Markasını fayda yaratma odaklı yönetenler bu dönemde avantajlı
Modern pazarlama ve küresel reklamcılığın böylesi bir durumla ilk defa karşılaştığını söyleyen Bahçeşehir Üniversitesi İletişim Fakültesi Dekan Yardımcısı Doktor Öğretim Üyesi Şafak Şahin, “Elbette 2000’li yıllarda SARS ve MERS salgınları da vardı ancak batı dünyasında sokağa çıkma yasağı gelmemiş, yani pazarlama dünyasındaki tüketicilerin alışverişi kesilmemişti. ‘Call to action’ yani harekete geçiren, tüketiciyi satın almaya çağıran, test sürüşüne davet eden, restoranlara buyur eden mesajların kullanılması şu aşamada söz konusu değil.

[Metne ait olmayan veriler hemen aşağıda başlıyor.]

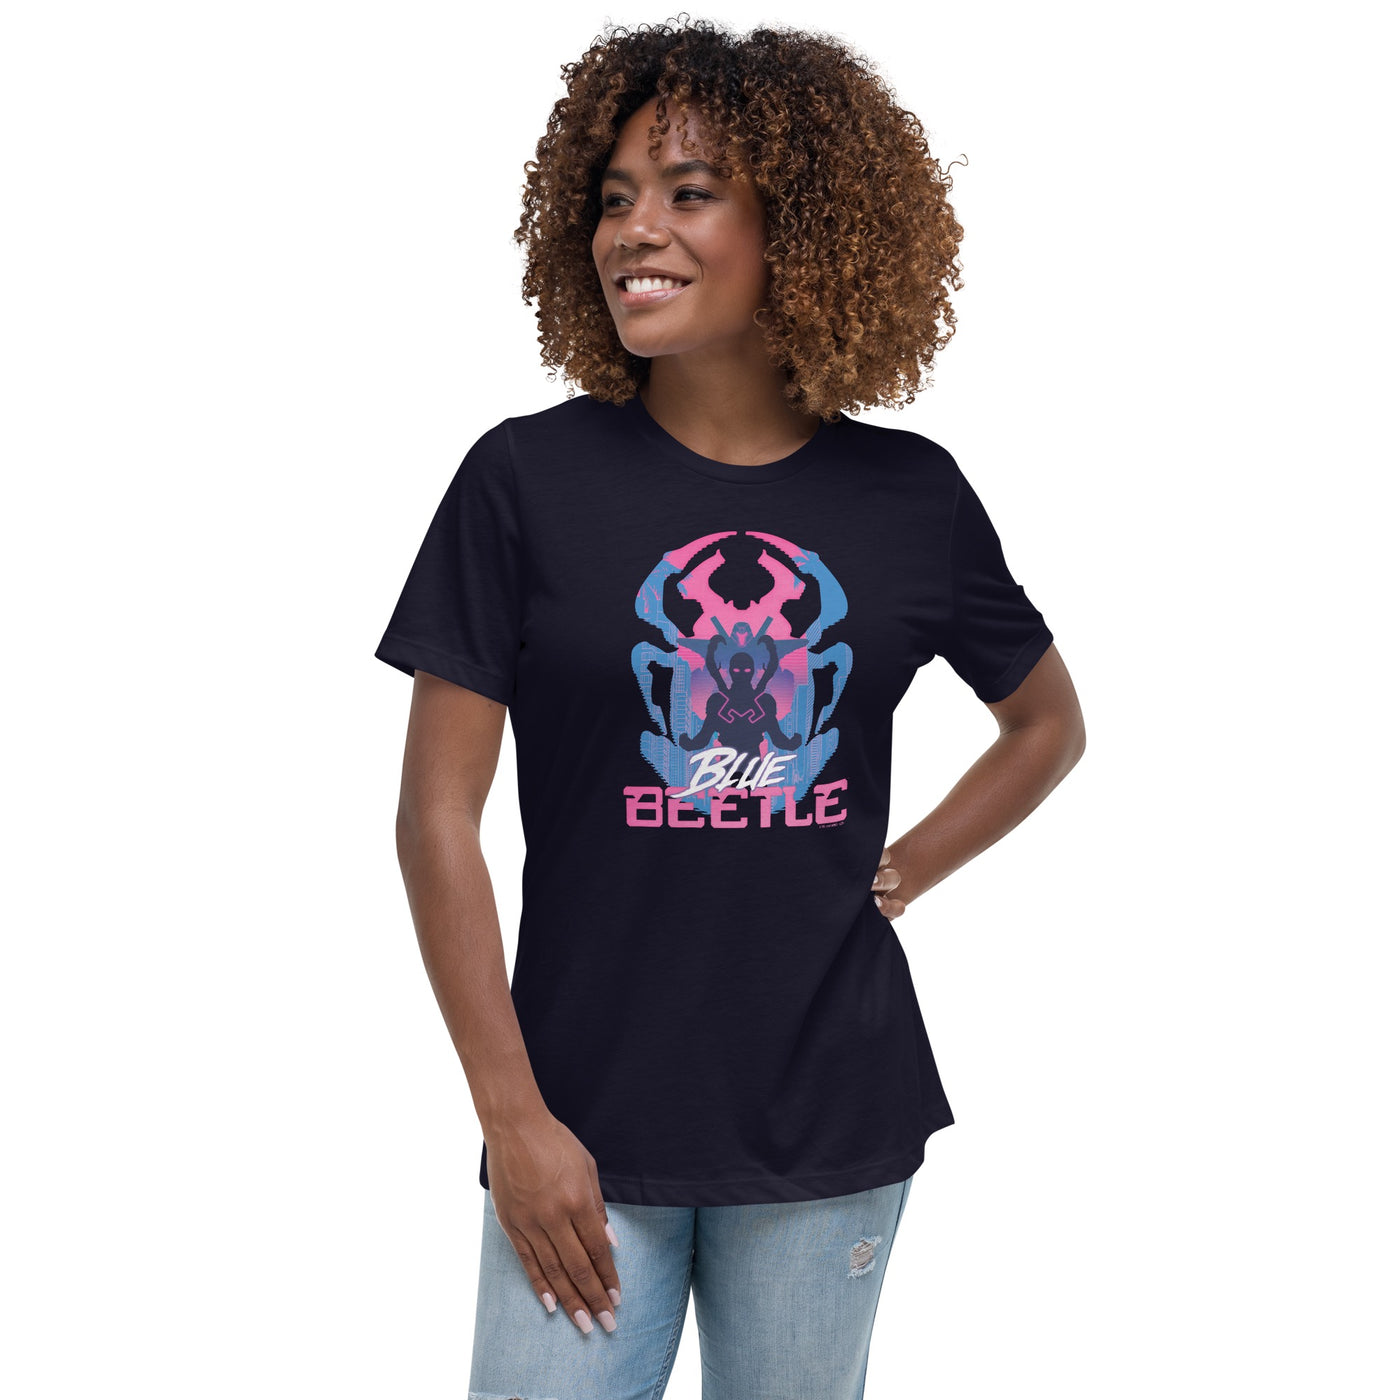 Blue Beetle Silhouette Women's T-Shirt
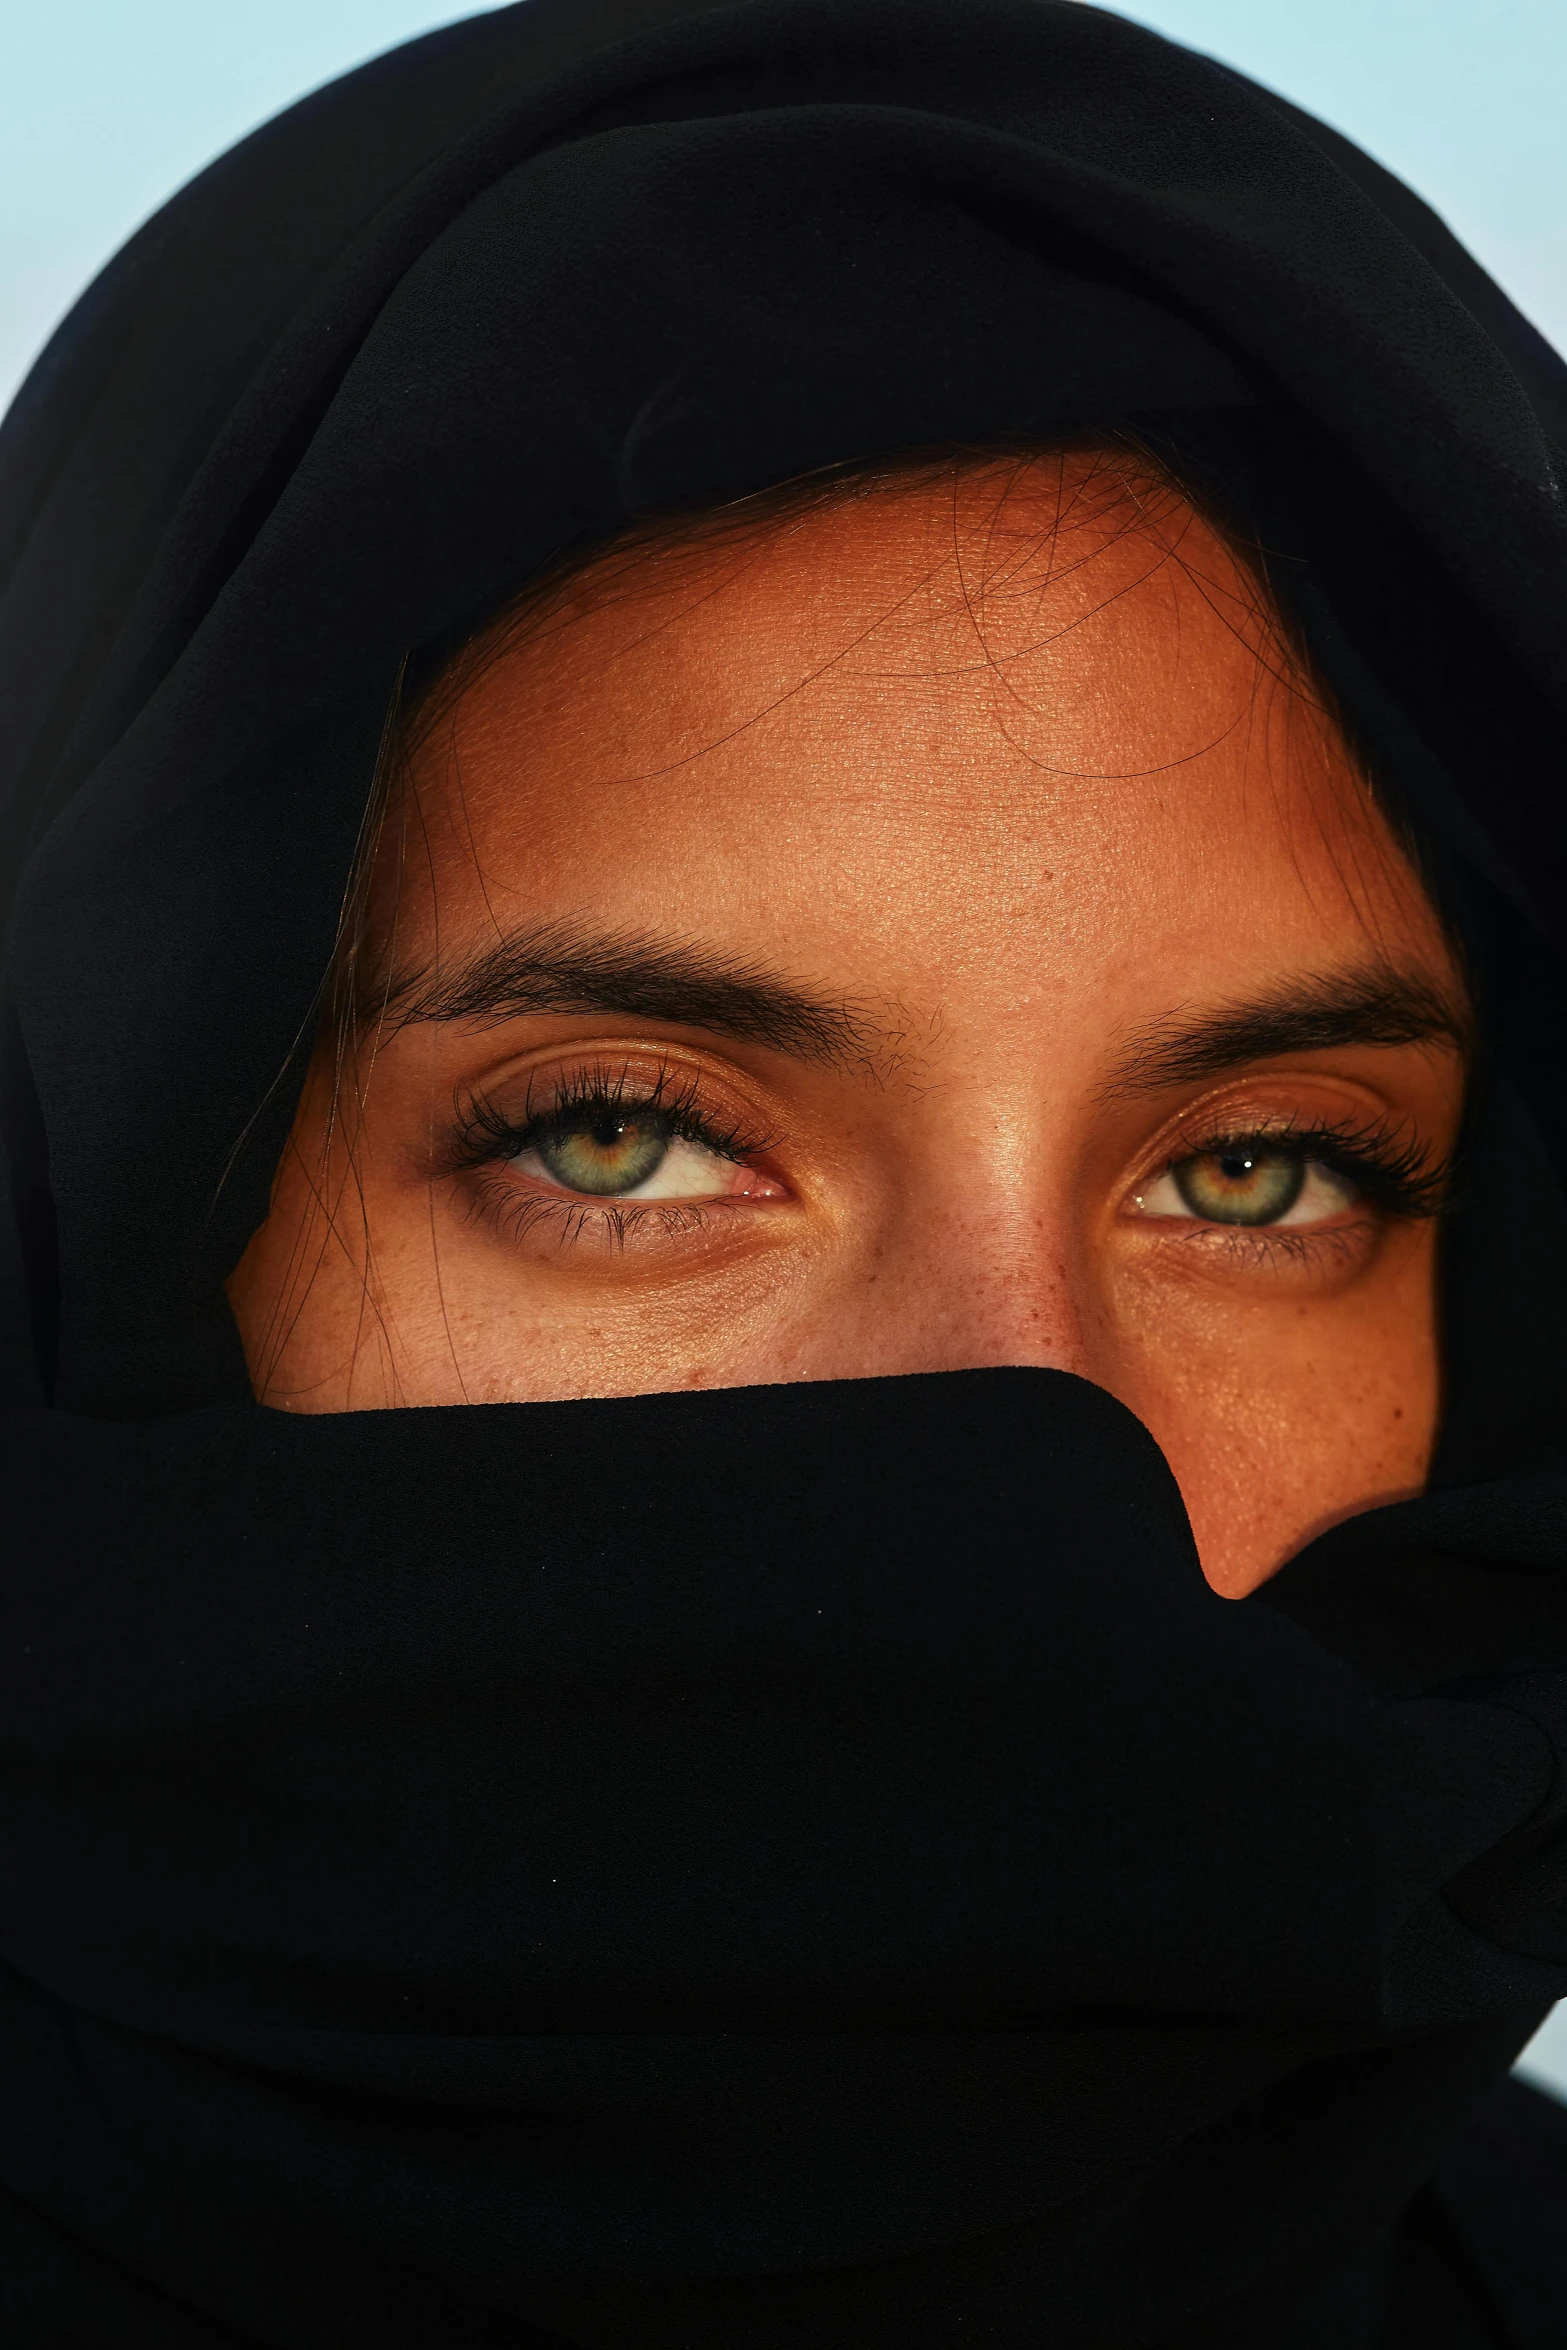 a close up po of an arabic woman wearing a black headscarf

Bu salgın bu hızla devam ederse, çok büyük ihtimalle çağırılan mekânlarda da satış yapacak eleman, ürünü rafa taşıyacak kargo ve hatta üretecek fabrika da olamayacak. Dolayısıyla ayakta kalma gücü olan, sermayesi güçlü firmalar, felaketin geçmesini bekleyecekler,” diyor ve ekliyor:
“Ama sermayesi ve kaynakları ne kadar güçlü olursa olsun, bu bekleme süresinde de proaktif olmak zorundalar. Salgının ve regülasyonların izin verdiği ölçüde, mümkün olduğunca dijital olanaklardan da faydalanarak faaliyetlerine devam etmeye çalışacaklar. Markalar önce salgının yayılmasını durdurmak için gerek içinde bulundukları faaliyet alanlarıyla destek oluyor gerekse marka güçlerini farkındalık yaratmak için kullanıyorlar. Bunun örneklerini görüyoruz. Örneğin kargo şirketleri lojistikte, teknoloji firmaları 3D basımda, eğitim firmaları uzaktan eğitimde, sağlık firmaları ürün tedarikinde, oteller sağlık personeline konaklamada birtakım imkânlarını bu felaketin önlenmesi ve bertaraf edilmesi için seferber ediyor. Tedarik veya hizmet desteği veremeyen, ama sahip oldukları en büyük güç olan markalarını farkındalık için kullanan firmalar da bu dönemde dolaylı fayda sağlamış oluyor. Örneğin Audi’nin ambleminde yer alan halkaların ayrılarak hedef kitlesinde sosyal mesafe konusunda bilinç oluşturması veya McDonald’s’ın M harfli logosunu ikiye ayırması gibi uygulamalar buna gösterebileceğimiz küresel örnekler. Fakat hepimizin merak ettiği konu, reklam endüstrisinin nasıl bir aksiyon alacağıdır.”